> **WORK ITEM**
Skip the pictures. Give all the data again exactly.

> **DATA SEGMENT**

+++

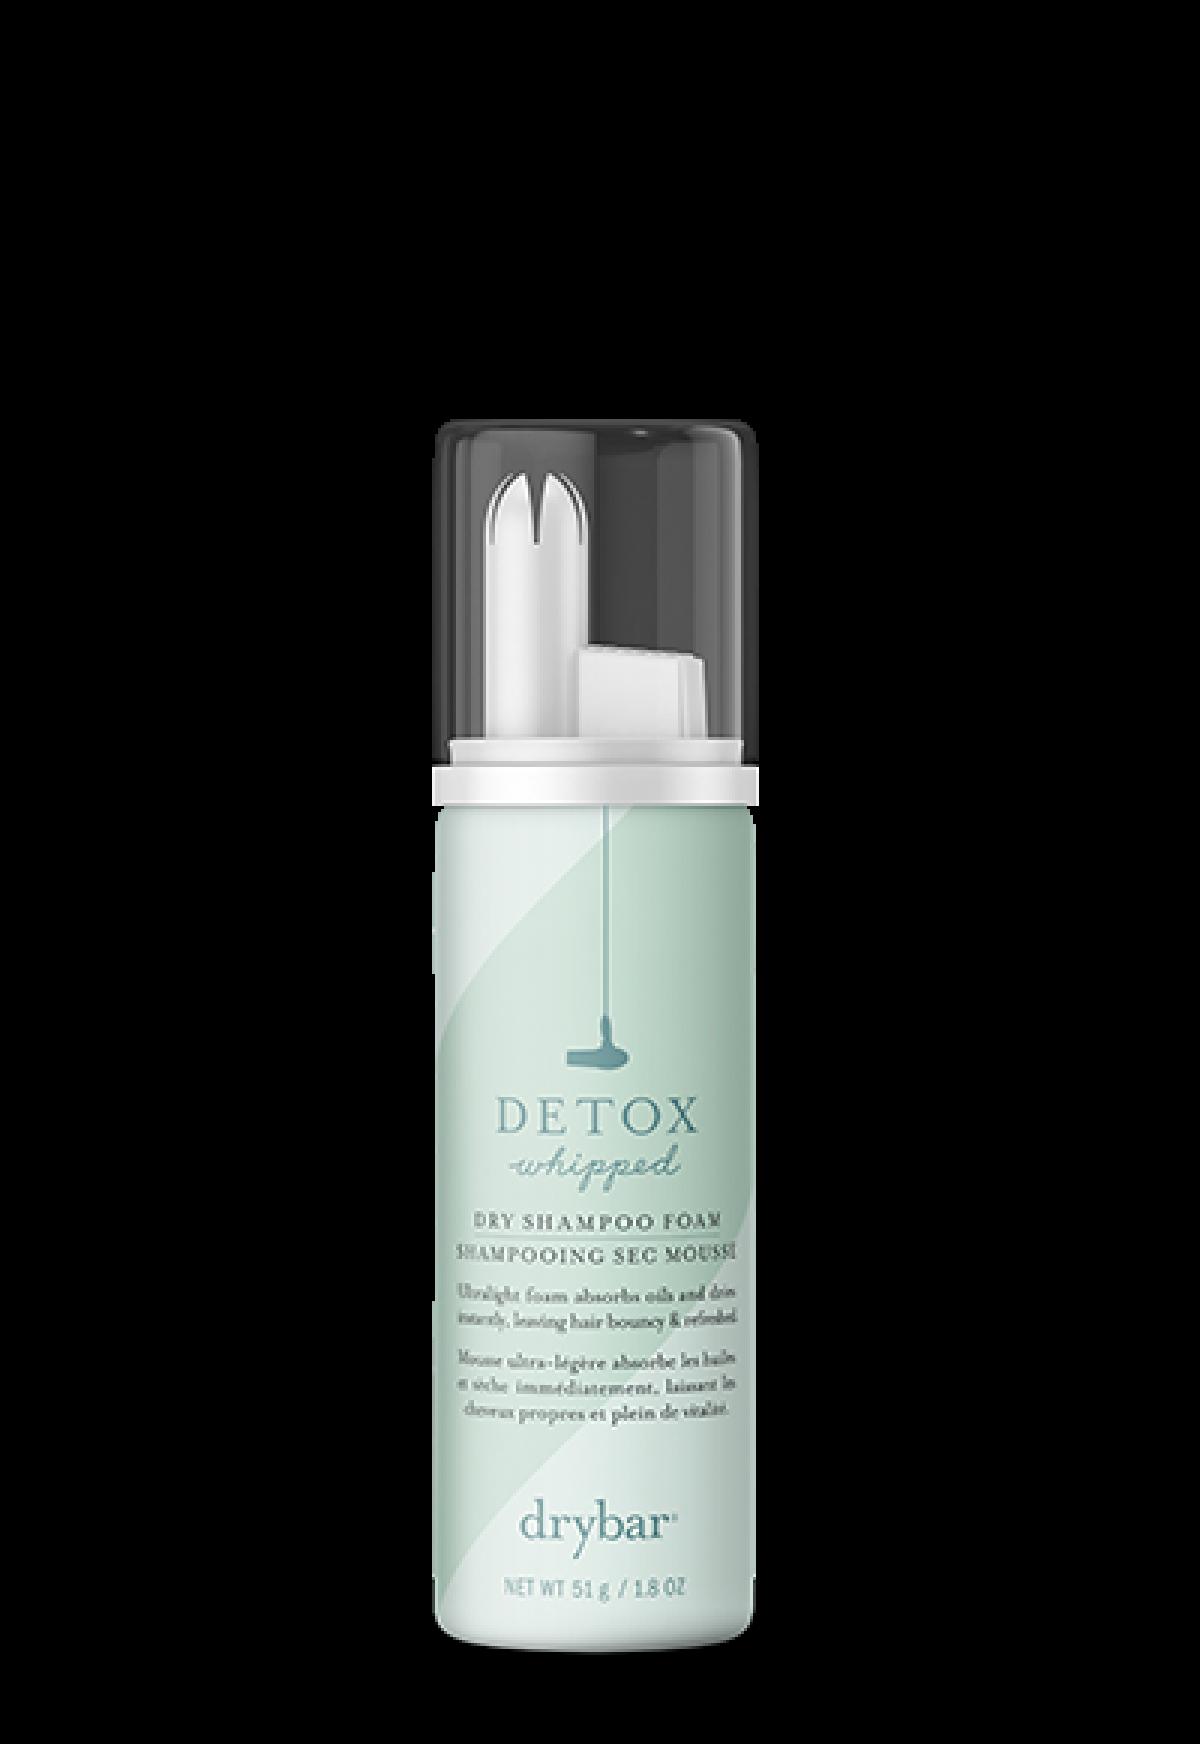 Drybar Detox Whipped Whip Your Blowout Back To Life Dry Shampoo Foam Full 3 5oz 24 00 19 20 Dry Shampoo Whip Detox
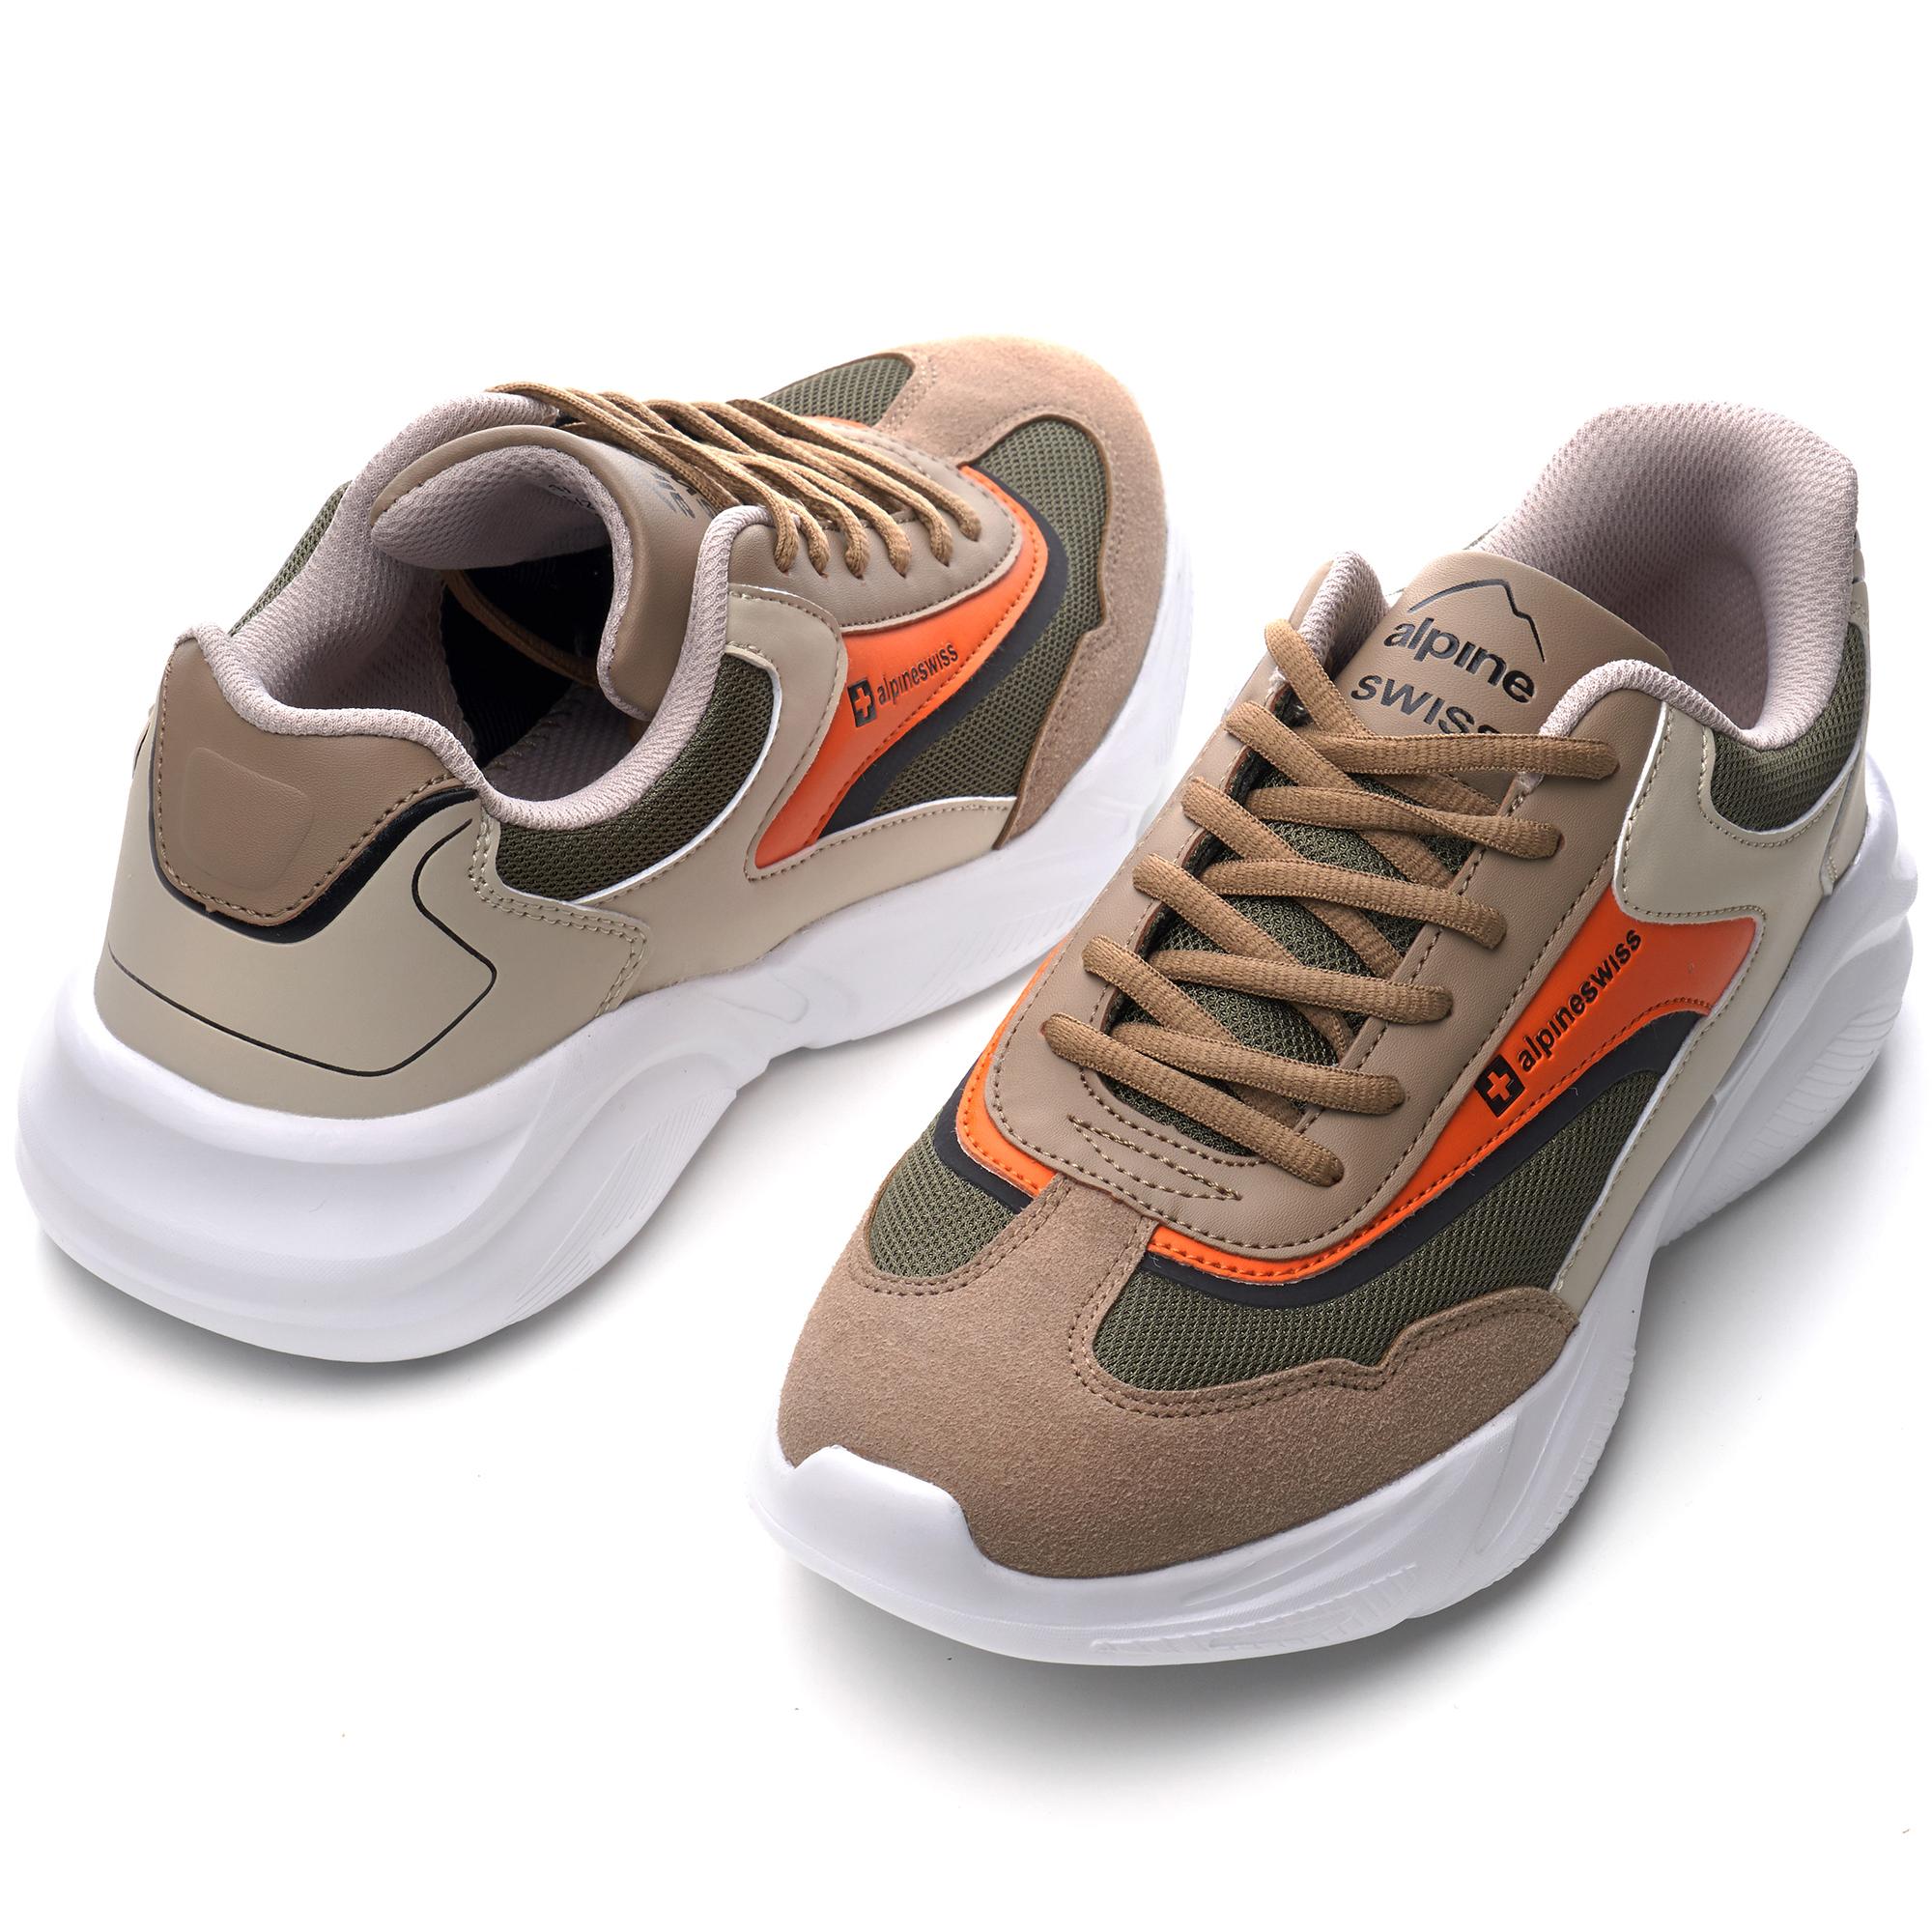 Alpine-Swiss-Stuart-Mens-Chunky-Sneakers-Retro-Platform-Dad-Tennis-Shoes thumbnail 33
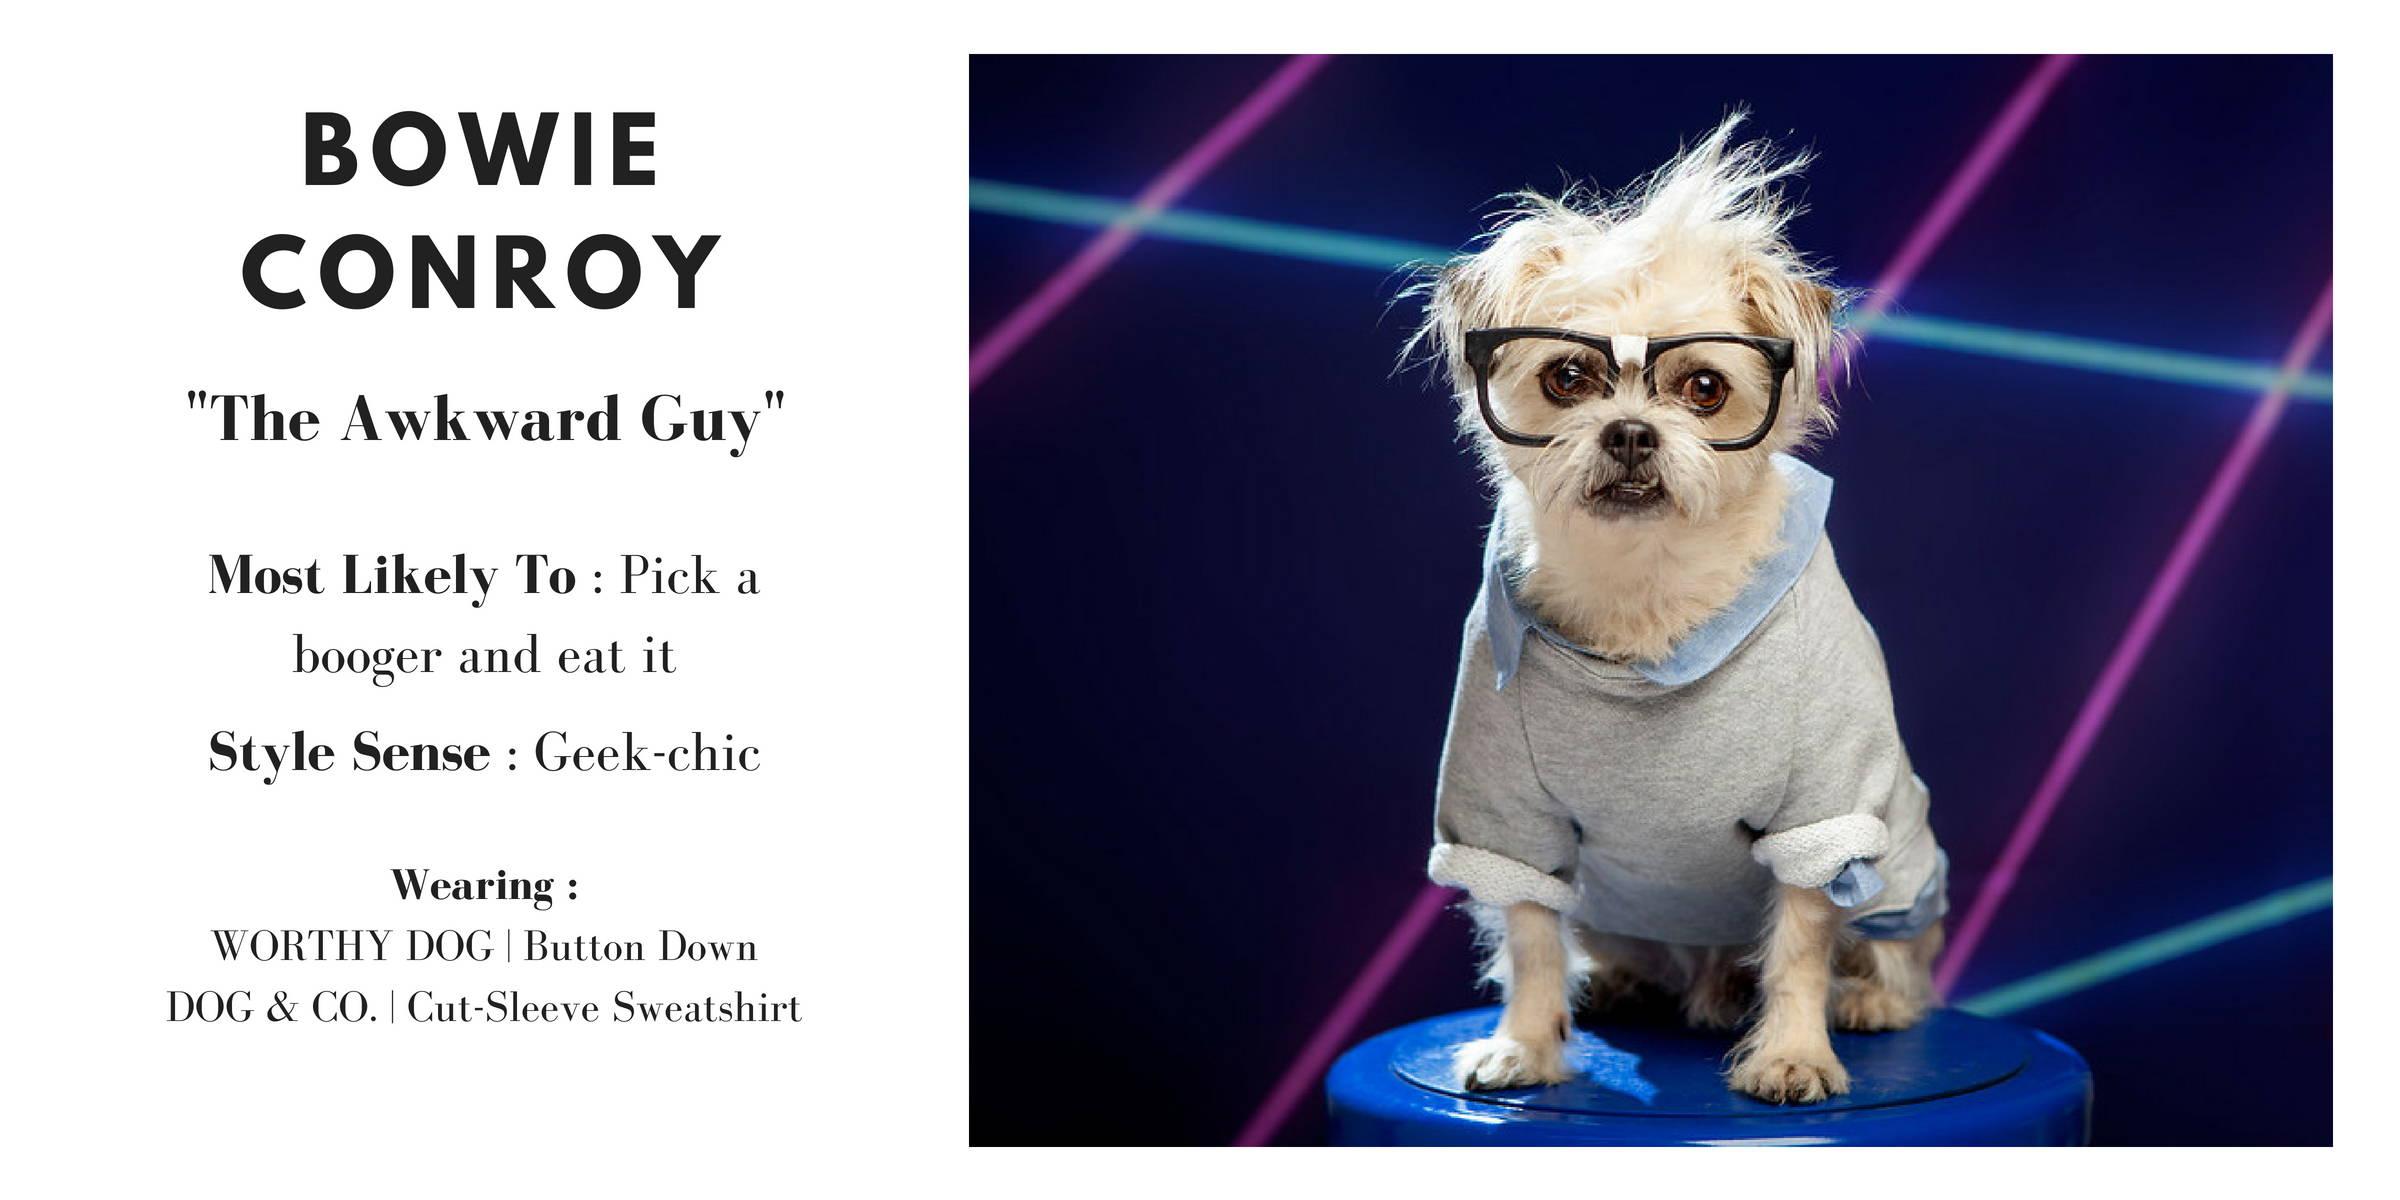 BOWIE CONROY wearing the WORTHY DOG | Button Down & DOG & CO. | Cut-Sleeve Sweatshirt

+++

> **ANSWER BOX**
 Drybar Detox Whipped Whip Your Blowout Back To Life Dry Shampoo Foam Full 3 5oz 24 00 19 20 Dry Shampoo Whip Detox
 Alpine-Swiss-Stuart-Mens-Chunky-Sneakers-Retro-Platform-Dad-Tennis-Shoes thumbnail 33
 BOWIE CONROY wearing the WORTHY DOG | Button Down & DOG & CO. | Cut-Sleeve Sweatshirt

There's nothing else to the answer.